16. PERIODICAL PUBLICATIONS
A contract for the printing of a periodical publication may not be terminated by either party unless 6 weeks’ notice in writing is given in thecase of periodicals produced monthly or more frequently or 4 weeks’ notice in writing is given in the case of other periodicals. Notice may be given at any time but wherever possible should be given after the completion of work on any one issue. Nevertheless, the Company may terminate any such contract forthwith should any sum due thereunder remain unpaid.
17. FORCE MAJEURE
The Company shall be under no liability if it shall be unable to carry out any provision of the contract for any reason beyond its reasonable control including (without limiting the foregoing) Act of God, legislation, war, fire, flood, drought, failure of power supply, lock-out, strike or other action taken by employees in contemplation of furtherance of a dispute or owing to any inability to procure materials required for the performance of the contract. If such contingency continues for a period of thirty days or more the customer may by written notice to the Company elect to terminate the contract and pay for work done and materials used, but subject thereto shall otherwise accept delivery when available.
18. TERMINATION
Both the Company and the customer shall have the right at any time by giving notice in writing to the other to terminate this contract forthwith upon the happening of one or more of the following events:
a) If the other shall fail to make any payment within seven days of the due date or to remedy any other breach forthwith upon being so required in writing.

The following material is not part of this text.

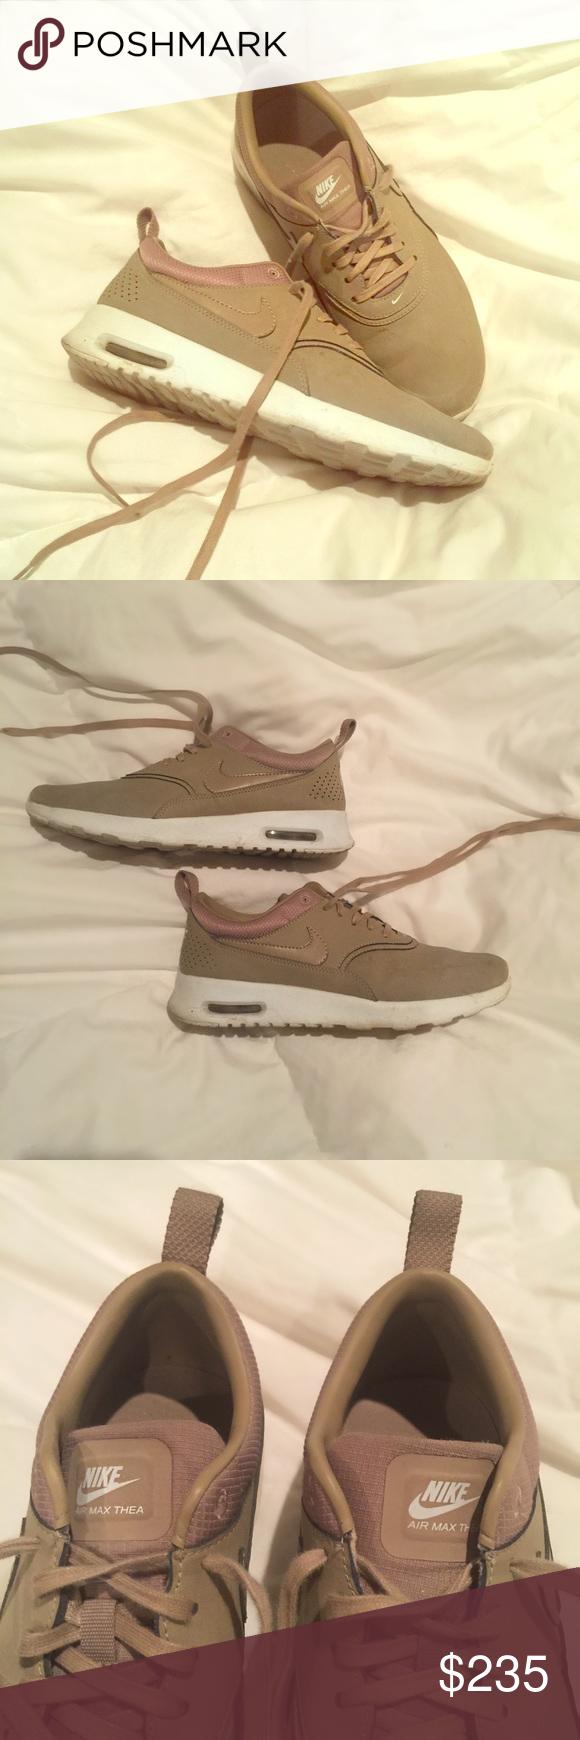 Nike Air Max Thea Premium Desert Camo EUC Size 7.5 Kendall

b) If the other shall enter into bankruptcy or liquidation whether compulsory or voluntary (other than for the purposes of amalgamation or reconstruction) or compounds with or enters into a scheme of arrangement for the benefit of its creditors or has a receiver appointed of all or any part of its assets or takes or suffers any similar action in consequence of debt.
19. REMEDIES
a) Termination of this contract for whatever causes shall not affect the rights or remedies of either party in respect of any antecedent breach or in respect of any sum of money owing or to become owing by the other.
b) No waiver by the Company of any breach by the customer of any of these conditions shall preclude the Company from relying on such breach in the event of any continuation or repetition thereof.
20. SUB-CONTRACTORS
The Company may sub-contract any or all of its obligations, but shall remain liable to the customer therefore.
21. The customer may not withhold payment of any invoice or other amount due to the Company by reason of any right of set-off or counterclaim which the customer may have orallege to have or for any reason whatever.
22. Any provision of these conditions which is or may be void or unenforceable shall to the extent of such invalidity or unenforceability be deemed severable and shall not affect any other provisionof these conditions.
23. LAW
This contract shall be governed by and construed in accordance with the laws of England.
24. HEADINGS
The headings shall not affect the meaning or interpretation of these conditions.